As you’d expect, Matt Levine has by far the best benign interpretation of this that we’ve seen so far. Annoyingly, we’d started on something similar, but since we can’t do anything better we’ll try to provide a more succinct defence.
A lot of stuff in markets is actually a bit like the proverbial duck-rabbit. What might look like market manipulation could in fact just be arbitrage, and what might look like arbitrage can in fact be market manipulation. The old “Dr Evil” trade — Citigroup’s 2004 sale and repurchase strategy that exploited a weakness in the MTS electronic bond market — is a good example of the latter, and the Indian situation could be the former.
Or as Levine puts it:
I suppose the main point here is that, in many cases, “legitimately doing an arbitrage trade” and “trading in one market to manipulate prices in another market” look pretty similar. Either way, you are trading the opposite way, buying stock in the stock market and selling it in the options market or vice versa. The difference can be subtle, and I often joke that the difference between legitimate trading and manipulation is whether you send your colleagues an email saying “lol I sure manipulated that market.”

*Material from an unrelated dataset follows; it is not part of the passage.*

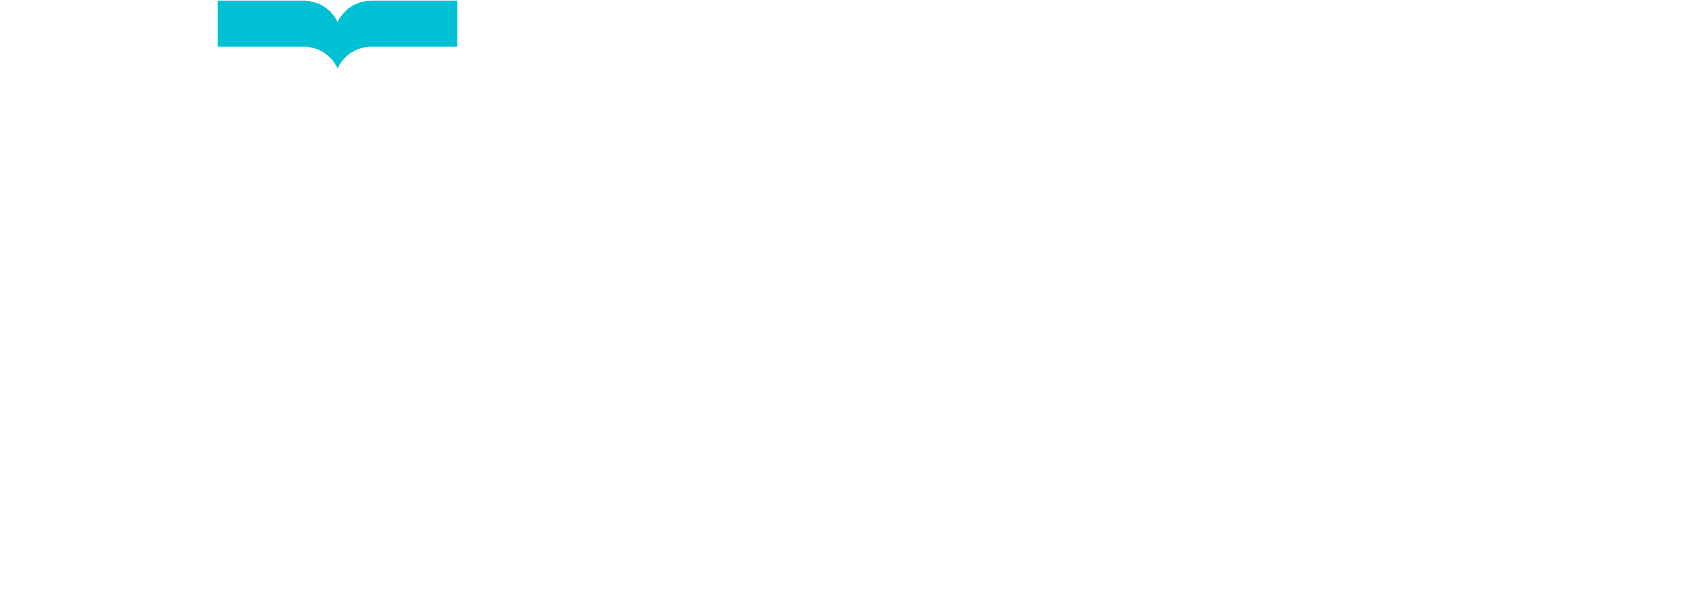 Zorkas Academy

Still, there are a lot of unanswered questions. For example, index arbitrage doesn’t quite explain the full size of the massive directional options position, which probably accounted for the vast majority of the estimated $86mn Jane Street made on the day highlighted by SEBI for extra scrutiny. The timings of the different trades also don’t seem to match up for a standard index arbitrage.
We are now entering spitball territory, but the central issue could simply be the tangled reality of the business model of most large successful proprietary trading firms today.
Companies like Jane Street often portray themselves as humble, geeky market-makers, simply matching buyers and sellers of financial securities and making markets more efficient in the process.
In reality, many of them also make directional bets when they feel they have an edge, looking more like conventional hedge funds in the process. In fact, this is a large reason why many have become so wildly profitable in recent years. As a result, the delineation between market-making and prop trading is simply not as clear cut as one might think and its conceivable that separate strategies can bleed into each other or become mutually helpful.
In India, what could have started out as perfectly normal arbitrage in a massive and inefficient options market morphed into large de facto prop bets against Indian retail traders who overwhelmingly lose money. And the index arb conveniently happened to help that bet, while also helping Indian market pricing converge.
Aaaanyway, priors are powerful force so we don’t think anyone’s minds are going to be changed here. This is unquestionably a bad look for Jane Street, so its defence — which we assume they’ll have to make public, given all the attention — will be a fascinating read.